A Catholic Plan for Vacation

(Now that we're entering that time of year when many of us will take some sort of vacation, here are some tips we originally posted on June 24, 2014 that might both enlighten and spice up our plans.)


...here some thoughts about the kind of recreation that made this particular vacation so special. We start with a preface about "vacation" in the busy, pressurized, high-tech world so many of us work in these days.

While you're on vacation, you typically want to "get away" from some things - things like work. It can take a while, though, for some of us to really separate from our work. Maybe that's why many of us like to travel some distance from home for vacation. The physical separation helps us mentally disengage.

Then again, these days we're all pretty much "connected" no matter how far we might travel, so the distance may or may not work as well as it once did. Even if you're employer leaves you alone, there can be the temptation to check in - at least mentally - with your work even as you're trying to forget it for a while.

Owning a small business presents special challenges here. When the business relies heavily on your personal involvement day to day, it's easy to justify constant "checking in" to make sure that everything's running smoothly while you're away. It can really be detrimental to the rest, relaxation and recreation that should be the main focus of vacation.

So there are some of the challenges of taking a "real" vacation in our high-tech age, compounded by the seemingly ever-increasing demands of a) bosses who want you to work longer and harder, or b) increasing government regulations, a tough economy, and an unforgiving marketplaces  that squeezes the last ounce out of the typical small businessman day after day. Your physical, mental and emotional muscles, stretched to the limit by the daily grind, need rest and re-tooling. "Getting away from it all," even if only for a few days, can make all the difference in refreshing your physical stamina and restoring your mental balance so you can come back to work flexing those rested corporal, mental and emotional muscles, ready to tackle your daily challenges with gusto - returning therefore a better employee, co-worker, boss or business owner.

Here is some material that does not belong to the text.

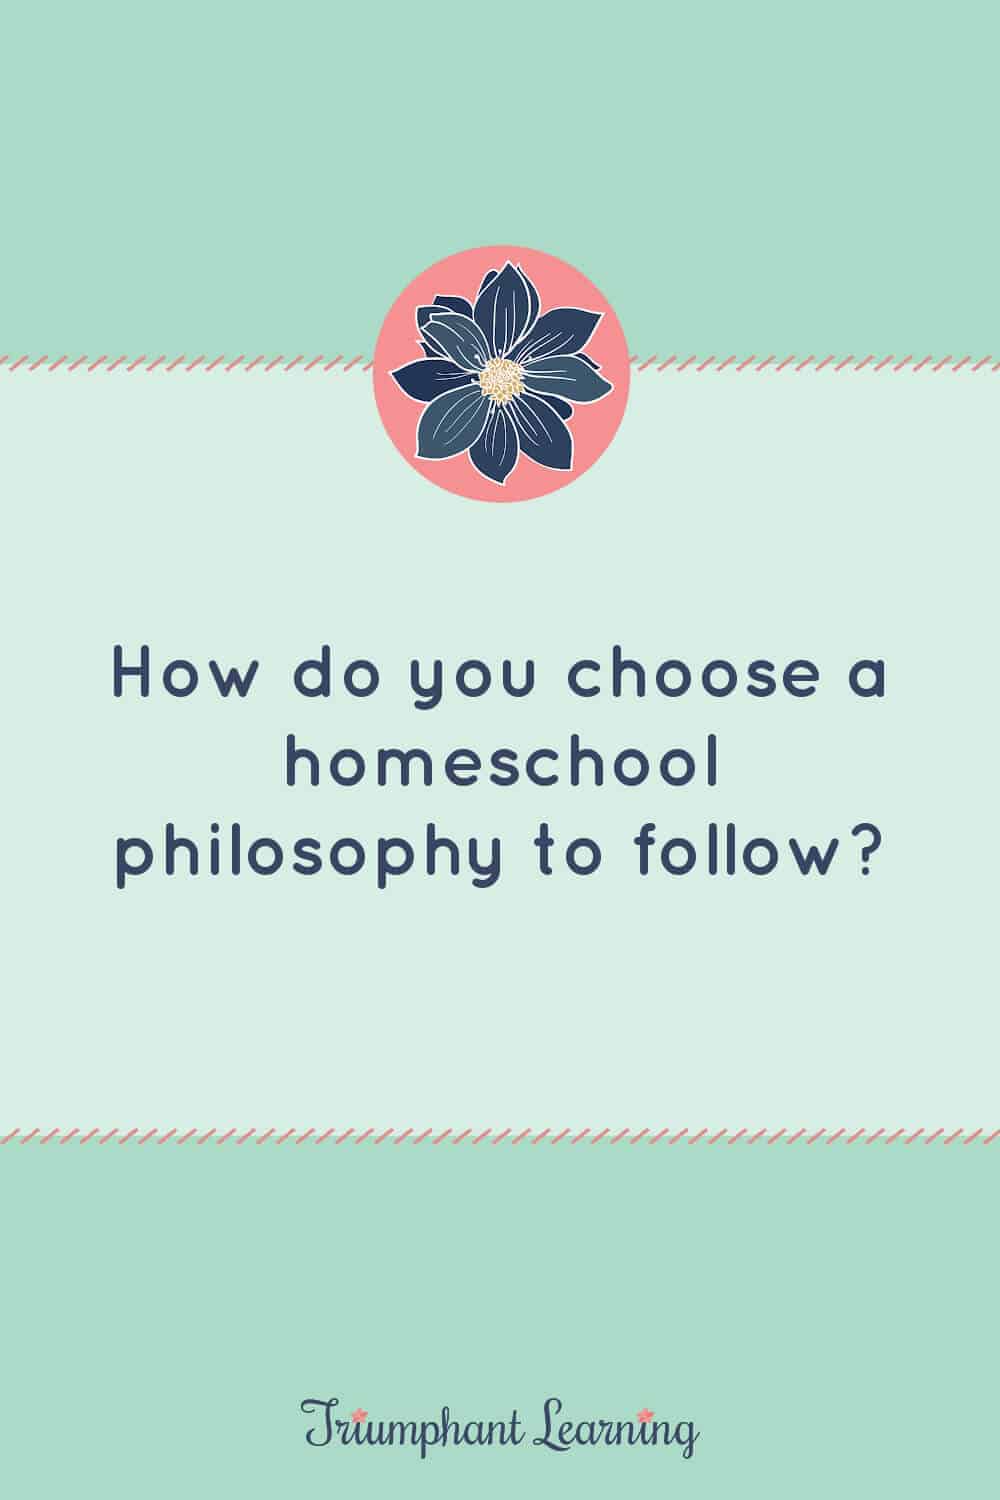 Learn what you need to know to choose a homeschool philosophy. Includes an overview and resource suggestions of seven common homeschool approaches. via @TriLearning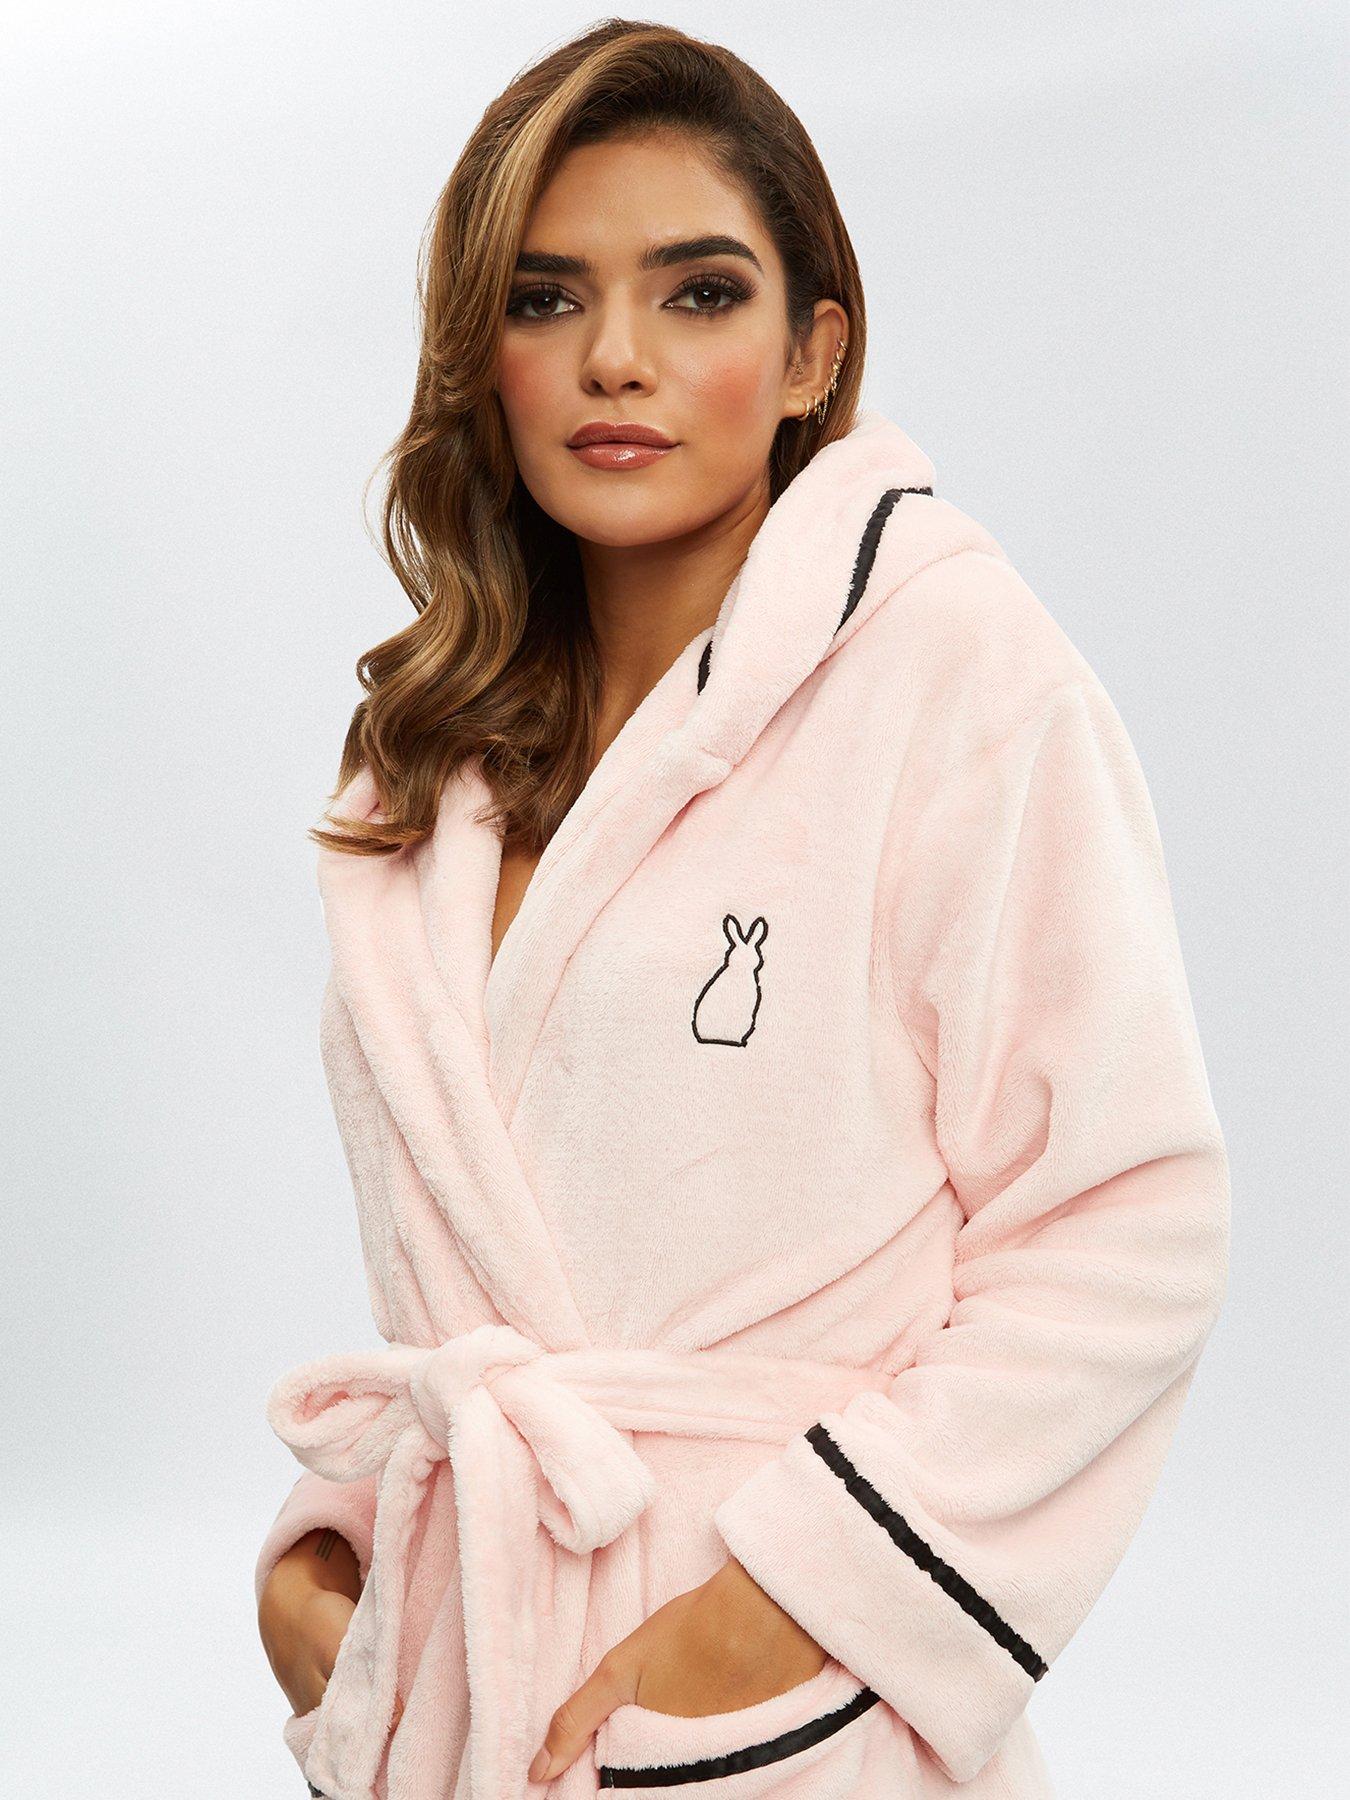 Ann Summers Ann Summers VIP By Invite Only Dressing Gown PINK Size UK 10-12  EUR 36-38

But lest we forget those spiritual muscles we all need to live our lives as authentic practicing Catholics in the midst of our daily work and personal lives, we turn now to those of us who may have a tendency to ignore spiritual "work" during vacation. By spiritual "work" I mean your daily prayer, reading, meditation, rosary, Mass, - what are known in some circles as "norms of piety" - that should be part of your daily discipline. My thoughts here are that it's not good to set these aside; better to keep up as best you can without imposing undue burdens on your desire or need for rest and relaxation. Maybe the key to understand the need to keep up with your spiritual discipline can be found in the word "recreation."

Here's the primary meaning of "recreation," and how most of us use this word: "activity done for enjoyment when one is not working." But there's a secondary definition which would be more informative for our discussion that comes from the words origin in Middle English via Old French, which took its meaning from the Latin recreatio (noun) with the verb recreara meaning "create again, renew."

I submit the secondary definition describes a much richer use of "recreation." We're not here focused so much on going to the beach, wandering around an amusement park, or cruising to "the islands" on one of those luxurious ships that offer pleasures a-plenty. Not that any of these is in any way wrong or sinful - at least in and of themselves. But if that's all vacation provides - a diversion or brief respite from the daily grind - you may be selling your vacation short.

Let's use reading a book as an example here. Yes, I realize that for some reading a book has slipped into the dim, dark regions of the misty past, replaced by pix-elated screens that allow quick jumps from one image or group of paragraphs to another. But for those of us who do still - even if less than we might want - read a whole book, let's compare two kinds of "summer" reading. One might be the so-called "romance" novel; the other a more meaty sort of book. I've never read a romance novel, but remember seeing people on the beach reading these when I was a kid. And you occasionally see this on the beach these days too. They're written to "entertain" rather than inform or enlighten. The idea here is that your poor brain craves something light and airy rather than something dense.

OK, I understand that reasoning. And I'm not suggesting you sit on the beach reading St Thomas Aquinas' Summa Theologica. But if you contrast the so-called romance novel with let's say one of GK Chesterton's books, maybe that gets us close to the second sort of "recreation." To be clear, the second sort doesn't necessarily stand in opposition to the first. It's just a bit richer or deeper.